We’ll cover the need to ensure your company’s actions match the messaging, to focus on the “boring” things, and to minimize the expectations gap by ensuring that what’s actually delivered is in line with the promises made.

Think about this:

How many times have you heard a company say they have strong corporate values and their day-to-day actions are entirely incongruence with those claims.

But when the customers do complain, the default and knee-jerk reaction from the C-Suite is:

“We need more customer servicing training.” 

and 

“We need more customer experience training.”

They’re trying to use training to fix poor systems and poor processes, instead of fixing the problem itself. 

The best path would be to take the complaints seriously and figure out where the holes in the bucket are, then working to fix those.

The best path is decidedly NOT in training your employees and customers to act like everyone else, but to design your business and your employees around the actual thing you want to be known and remembered for.

And that’s the real secret to innovation.

When FedEx devised its famous Hierarchy of Horrors process, it was about finding the most pressing issues driving them away from their mission.

When Amazon wanted to be one of the most customer-centric companies on the planet, they didn’t say, “Here’s sales training and all the responses to customer’s complaints and objections about delivery times and product availability.”

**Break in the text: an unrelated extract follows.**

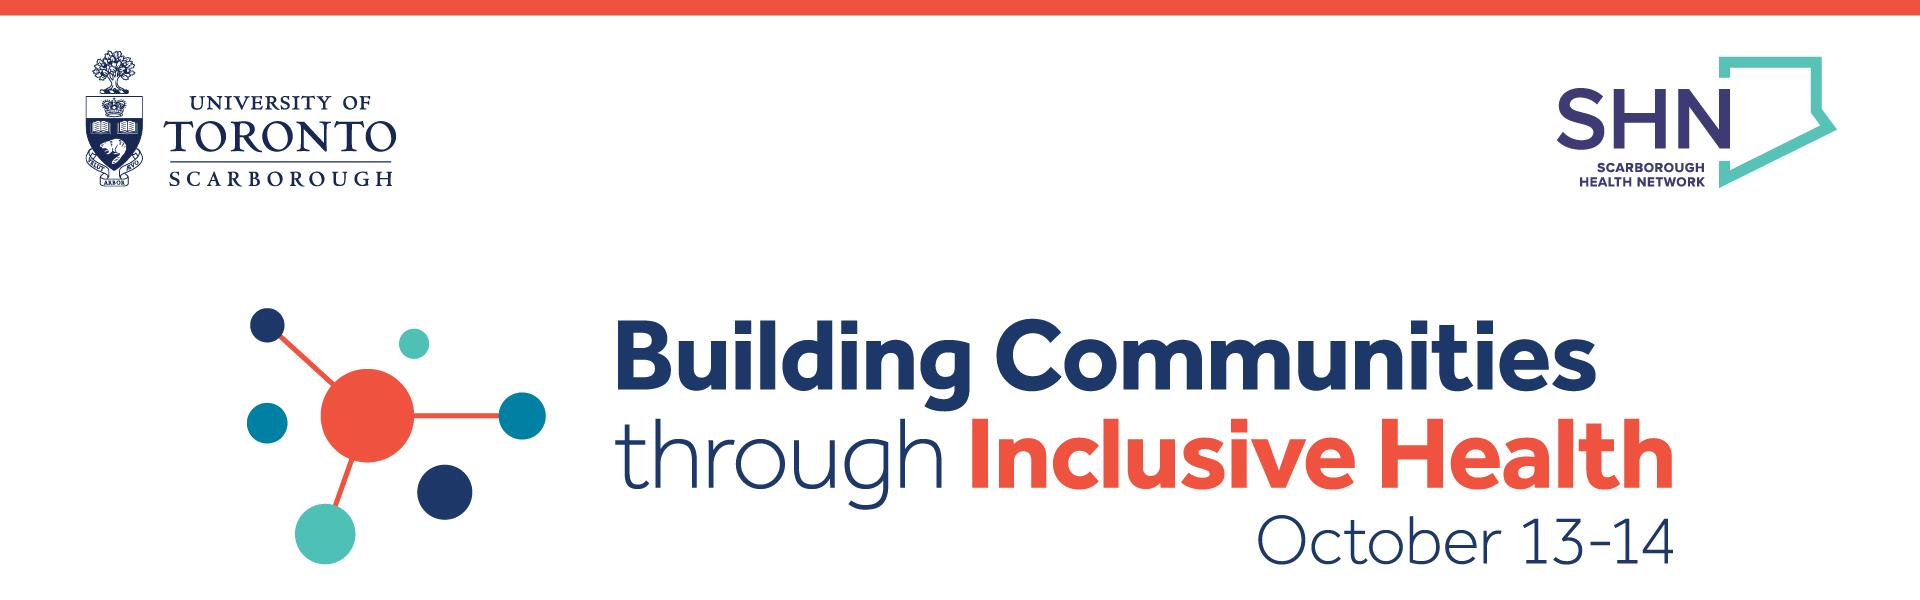 Building Communities through Inclusive Health conference

Instead, they said, “Let’s find a way to stock everything and deliver it within 24 hours.”

It’s possible to design your business so that it’s impossible for the “standard” complaints to even crop up – and by doing so, you gain a competitive advantage that’s almost impossible to dislodge.

So your challenge for this week is to consider the following questions: 

What’s your story? 

What do you want to be known for?

And how well are you doing living up to that reality?

If I spoke to your customers and clients, would they agree with those value statements on the wall?

And finally, are you investing in training to mask a problem when you should be investing in other areas first?